The usage of Apache POI's streaming API (SXSSF) in this example provides an alternative approach to writing Excel files compared to the default method. It leverages the compressed nature of modern Microsoft Office file formats, such as XLSX, and writes data directly to the file in a streaming fashion, reducing memory consumption. This approach is especially useful when working with large datasets that may require a significant amount of RAM if using the default method. However, it's important to note that certain Excel features that rely on the entire dataset may be disabled when using the streaming approach.
This can be used to export data from databases, data warehouses, or other data sources into Excel. This enables you to perform in-depth analysis, create custom reports, and generate visualizations using Excel's powerful features. It is particularly useful for financial analysis, sales reporting, business intelligence, and data-driven decision-making.

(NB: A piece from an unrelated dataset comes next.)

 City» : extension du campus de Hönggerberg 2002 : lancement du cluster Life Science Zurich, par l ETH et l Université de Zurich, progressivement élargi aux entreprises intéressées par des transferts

This example can easily be modified to show how to use streaming Excel for reading.
Java Code Listing
package com.northconcepts.datapipeline.examples.cookbook; import java.io.File; import com.northconcepts.datapipeline.core.DataReader; import com.northconcepts.datapipeline.core.DataWriter; import com.northconcepts.datapipeline.csv.CSVReader; import com.northconcepts.datapipeline.excel.ExcelDocument; import com.northconcepts.datapipeline.excel.ExcelDocument.ProviderType; import com.northconcepts.datapipeline.excel.ExcelWriter; import com.northconcepts.datapipeline.job.Job; public class UseStreamingExcelWriting { public static void main(String[] args) { DataReader reader = new CSVReader(new File("example/data/input/credit-balance-01.csv")) .setFieldNamesInFirstRow(true); ExcelDocument document = new ExcelDocument(ProviderType.POI_SXSSF); DataWriter writer = new ExcelWriter(document).setSheetName("balance"); Job.run(reader, writer); document.save(new File("example/data/output/credit-balance-06.xlsx")); } }
Code Walkthrough
- First, CSVReader is created to read comma-separated records from an input
credit-balance-01.csv
file. - ExcelDocument.ProviderType indicates an Excel provider which is used to open the input Excel file. For this example, POI_SXSSF is selected as an Excel provider for the purpose of reducing memory usage.

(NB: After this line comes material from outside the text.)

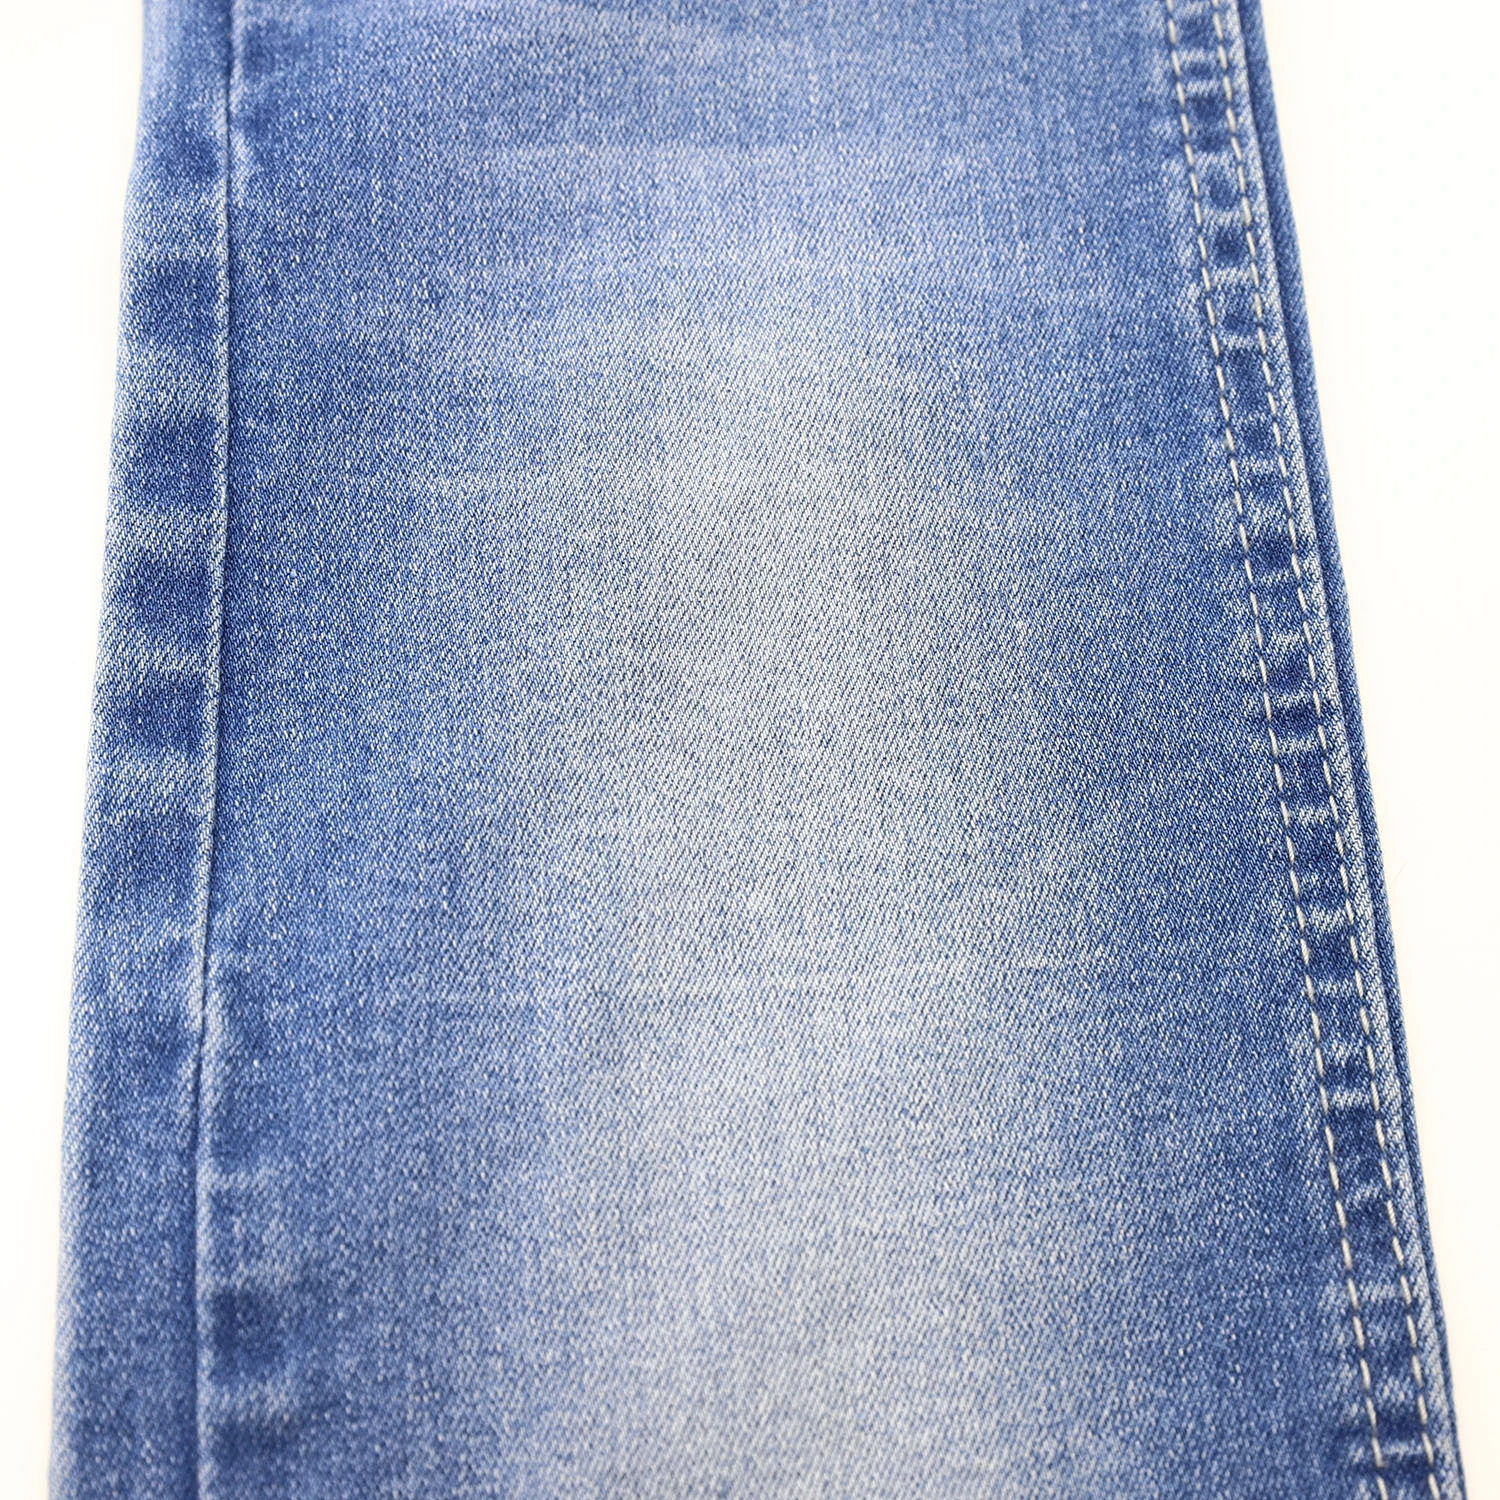 205F-3 10.4oz 10*21 Indigo Color High Stretch Cotton Denim Fabric for Jeans 7

- ExcelWriter is created using
ExcelDocument
object to write records to the specified Excel file. A method ExcelWriter.setSheetName() changes the default sheet name to whatever value passed in the parameter which isbalance
in this example. - Data is transferred from CSVReader to ExcelWriter via Job.run() method. See how to compile and run data pipeline jobs
- Output Excel file is saved using ExcelDocument.save() method.
CSVReader
Obtains records from a Comma Separated Value (CSV) or delimited stream. It can be created using File or Reader object. A method CSVReader.setFieldNamesInFirstRow(true)

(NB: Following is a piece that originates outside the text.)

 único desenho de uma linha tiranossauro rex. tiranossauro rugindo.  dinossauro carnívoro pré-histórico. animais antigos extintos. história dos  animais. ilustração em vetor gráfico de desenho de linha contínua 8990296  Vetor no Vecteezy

in this class causes the CSVWriter
to use the names specified in the first row of the input data as field names. If this method is not invoked, the fields would be named A1, A2. If those fields' names need to be changed, a rename transformation can be added on top of CSVReader
or any other type (Refer Rename a field for example).
ExcelDocument
The in-memory abstraction for an Excel workbook. It is not thread-safe and will throw an exception if used in multiple ExcelReaders and/or ExcelWriter concurrently. Since its data is stored in memory, reading and re-reading from it multiple times is very cheap (think millions of reads per second). A method ExcelDocument.save() can be used to save a specified file document.
ExcelDocument.ProviderType
ExcelDocument.ProviderType is an enum class that contains a list of Excel providers.
POI_SXSSF
POI_SXSSF writes .xlsx files (Excel 2007+) using Apache POI's streaming API (SXSSF) and temporary files to reduce memory usage. SXSSF achieves its low memory footprint by limiting access to the rows that are within a sliding window. Older rows that are no longer in the window become inaccessible, as they are written to the disk.
ExcelWriter
Writes records to a Microsoft Excel document. ExcelWriter.setSheetName() method in this class can be used to assign sheet names for an Excel file. If you remove this method a default sheet name ie. sheet1, sheet2, and so on will be automatically assigned.
Output
The output will be written to the Excel file and stored in the specified location i.e example/data/output
.